*** Opening Exercise data ***

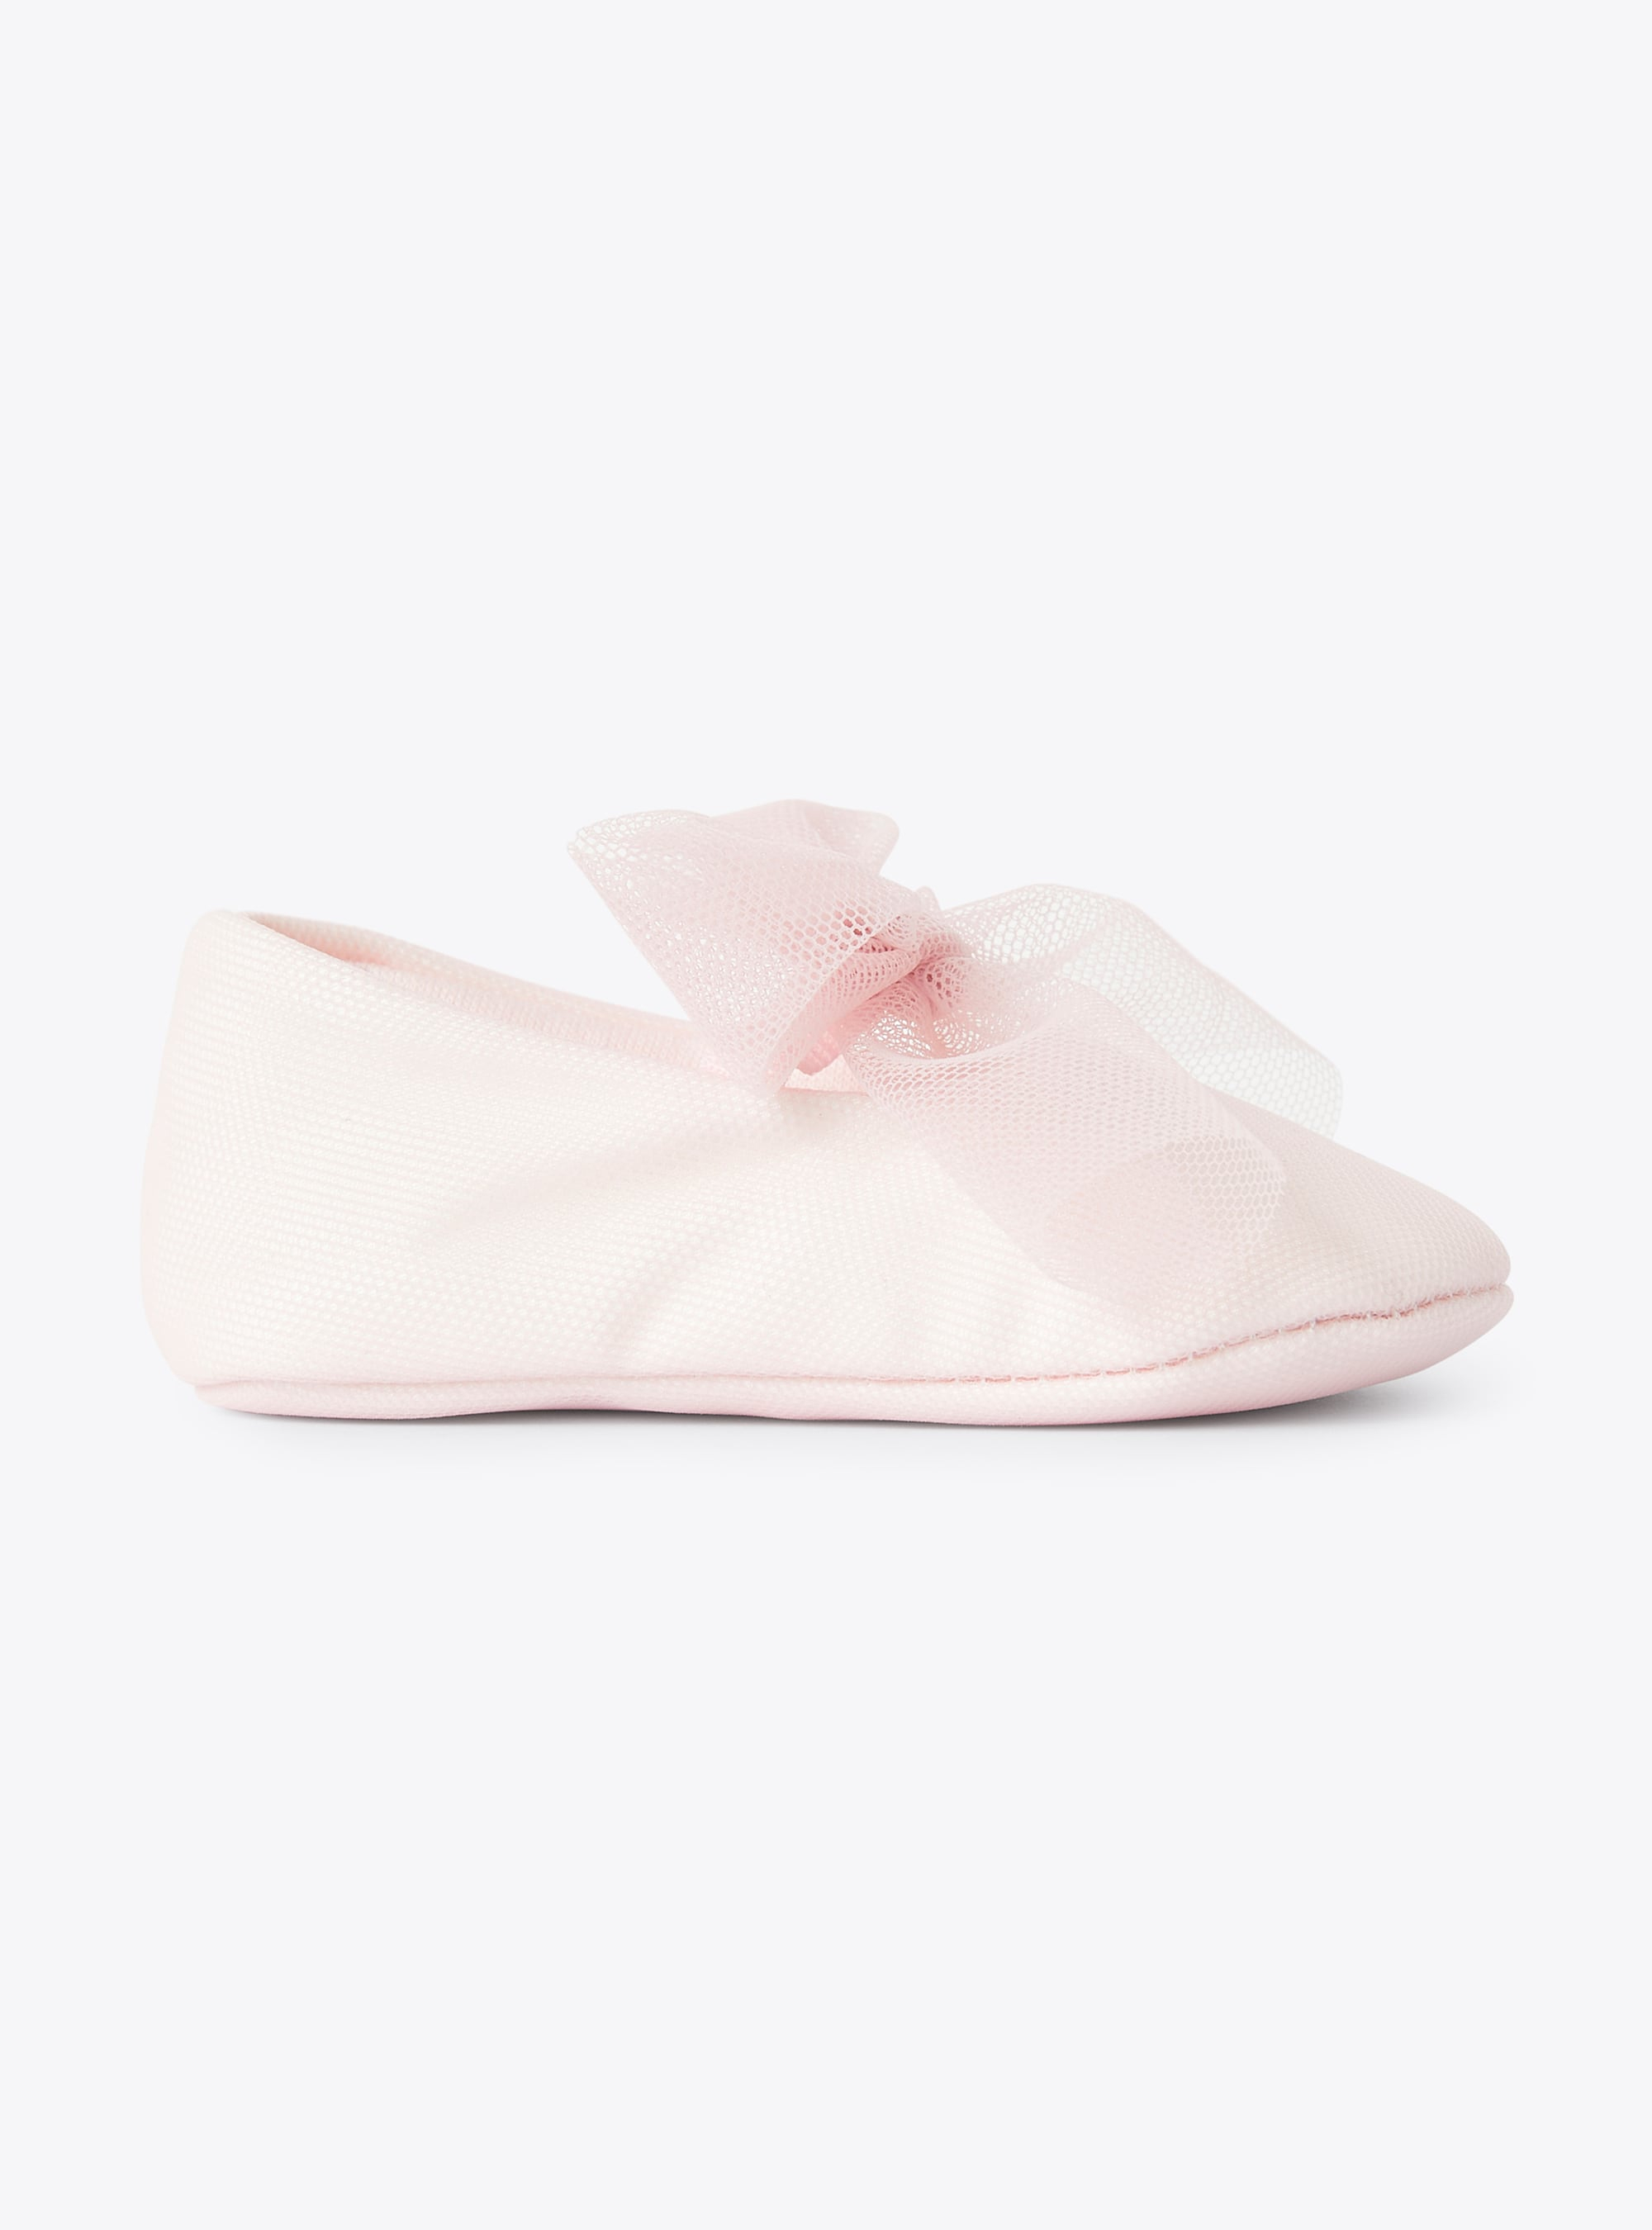 Shoe for baby girls with a pink tulle bow embellishment - Pink | Il Gufo
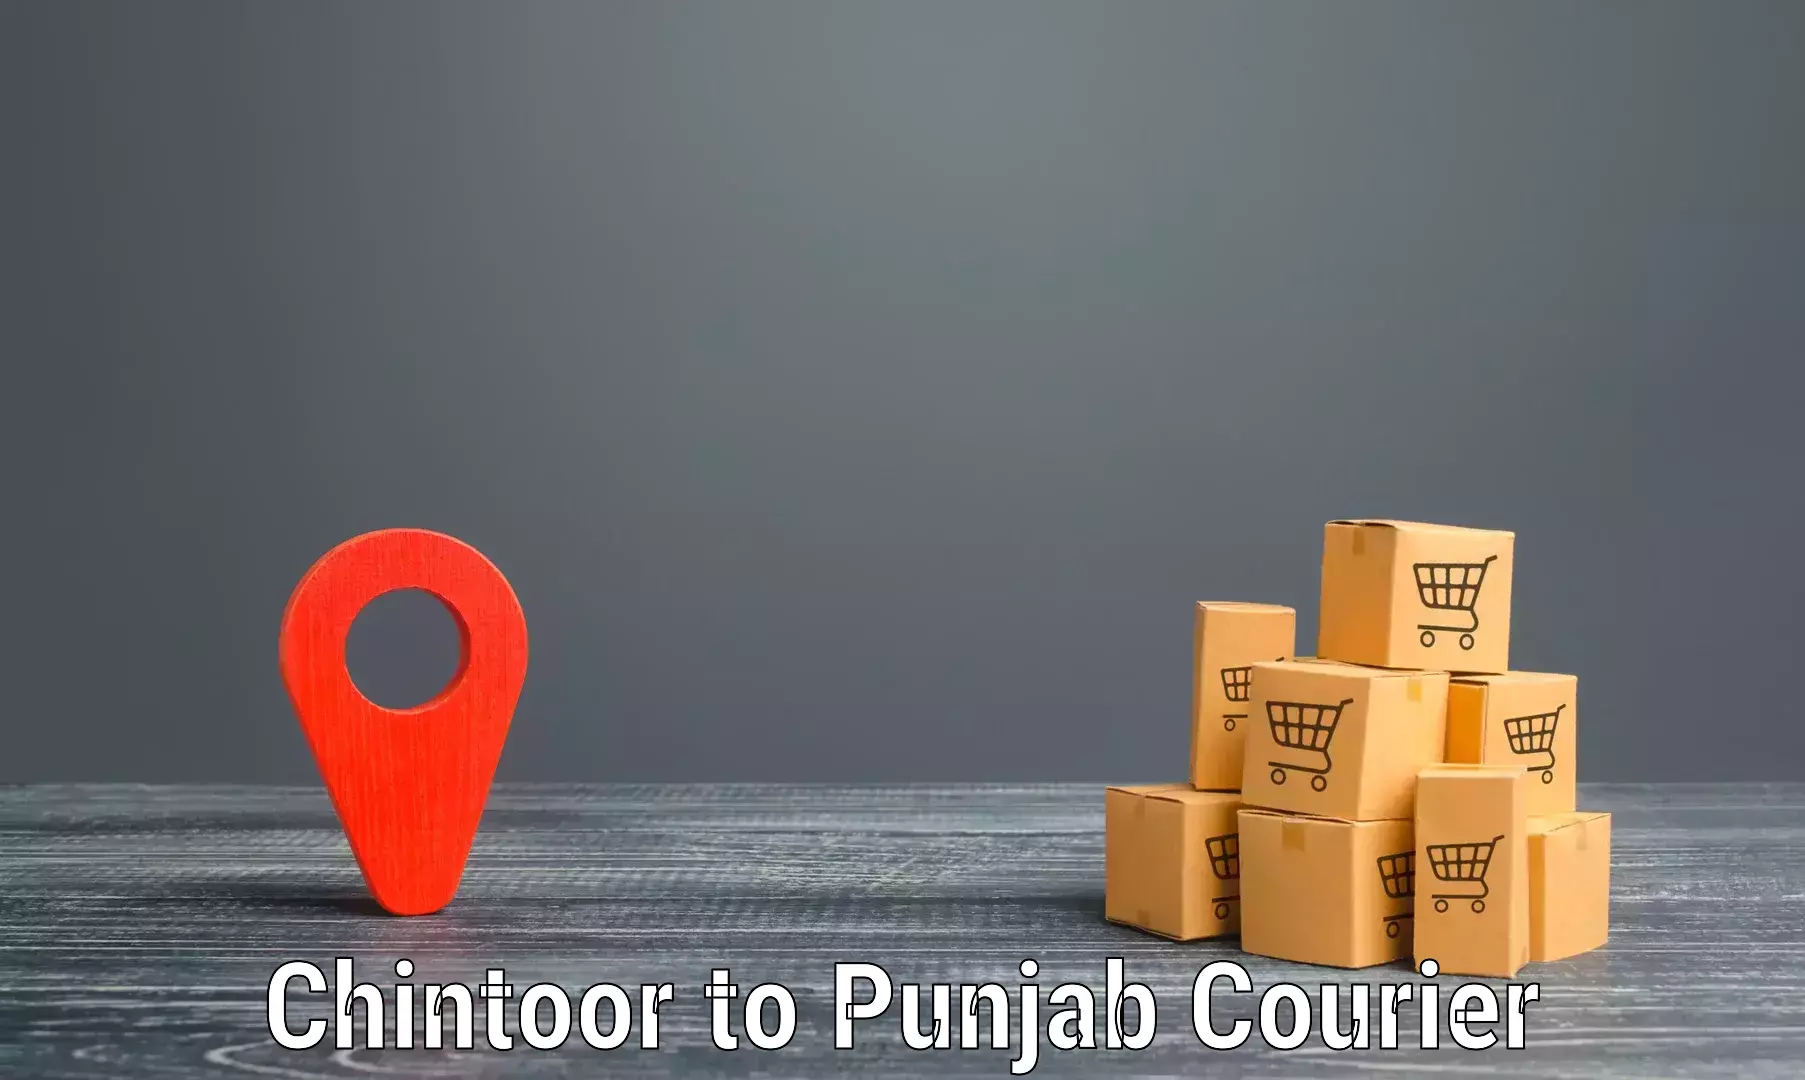 Business shipping needs Chintoor to Jhunir
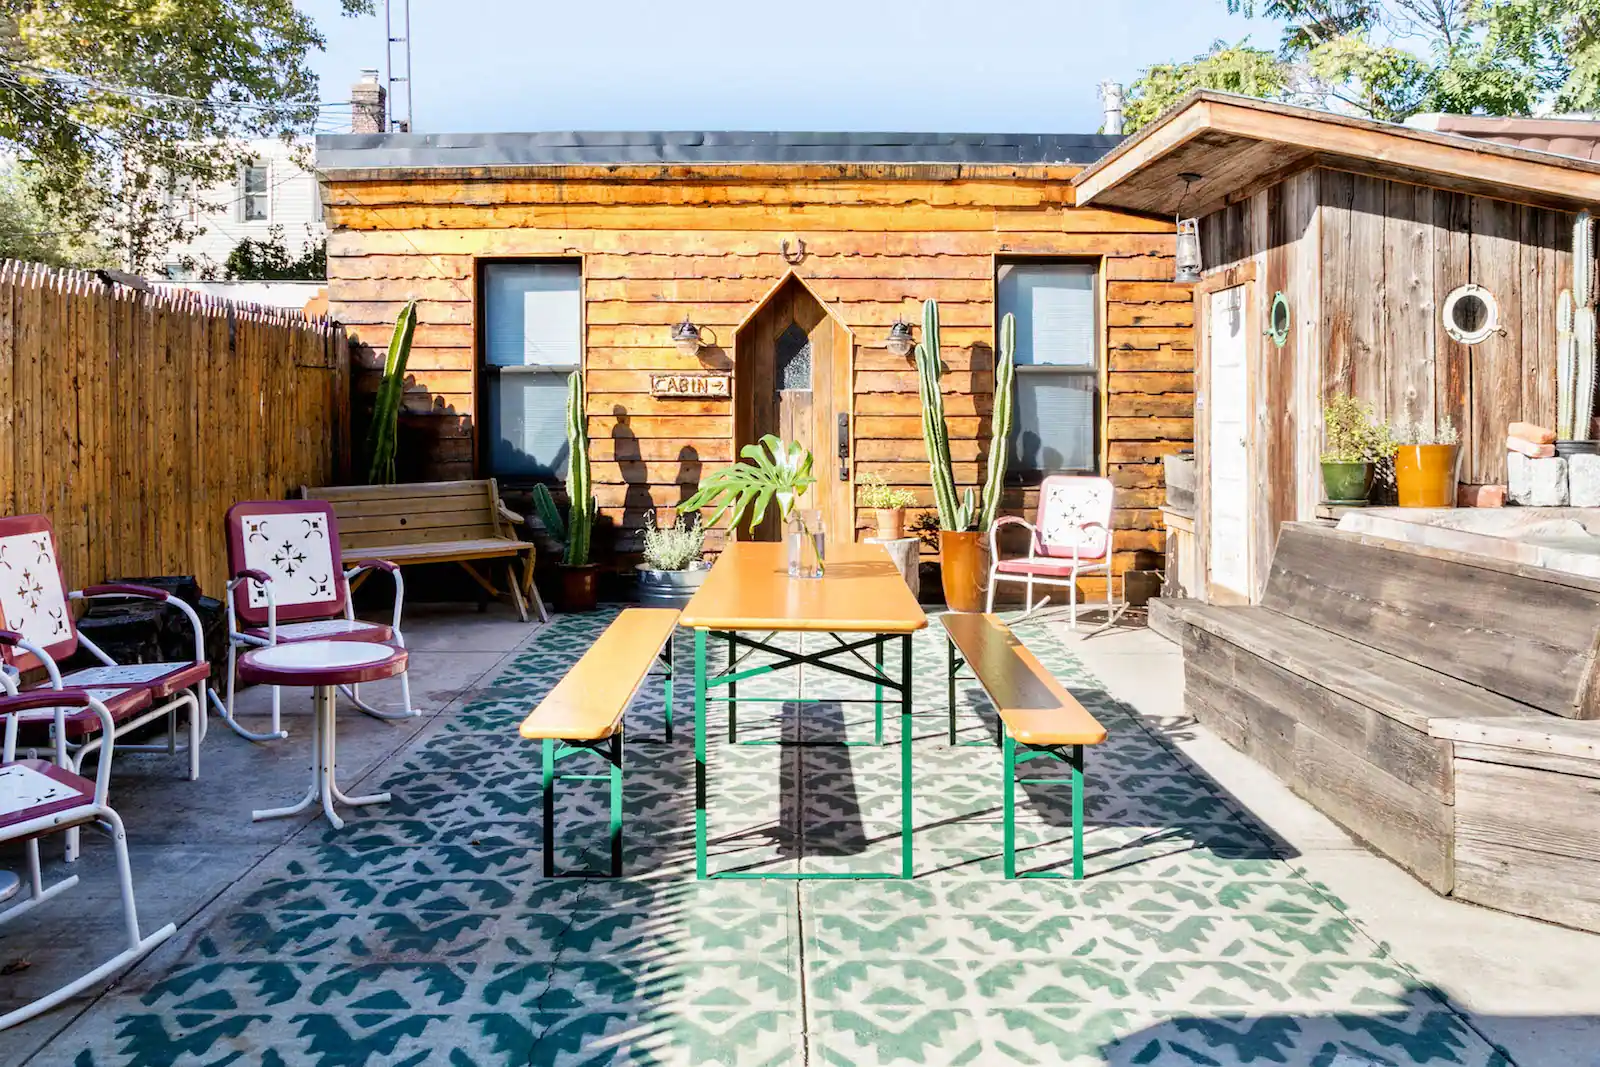 Fenced in back patio area of Urban Cowboy Brooklyn. Green tile cuts a pattern on the ground, with chairs scattered around the table and bench.

*** Closing Exercise data ***

▶ **Your goal**:
Only the lines from the one with "Business shipping needs Chintoor to Jhunir" through the end of the data, both ends included, should be written out exactly, and no pictures should appear.

▶ **Output for this exercise**:
 Business shipping needs Chintoor to Jhunir
 Fenced in back patio area of Urban Cowboy Brooklyn. Green tile cuts a pattern on the ground, with chairs scattered around the table and bench.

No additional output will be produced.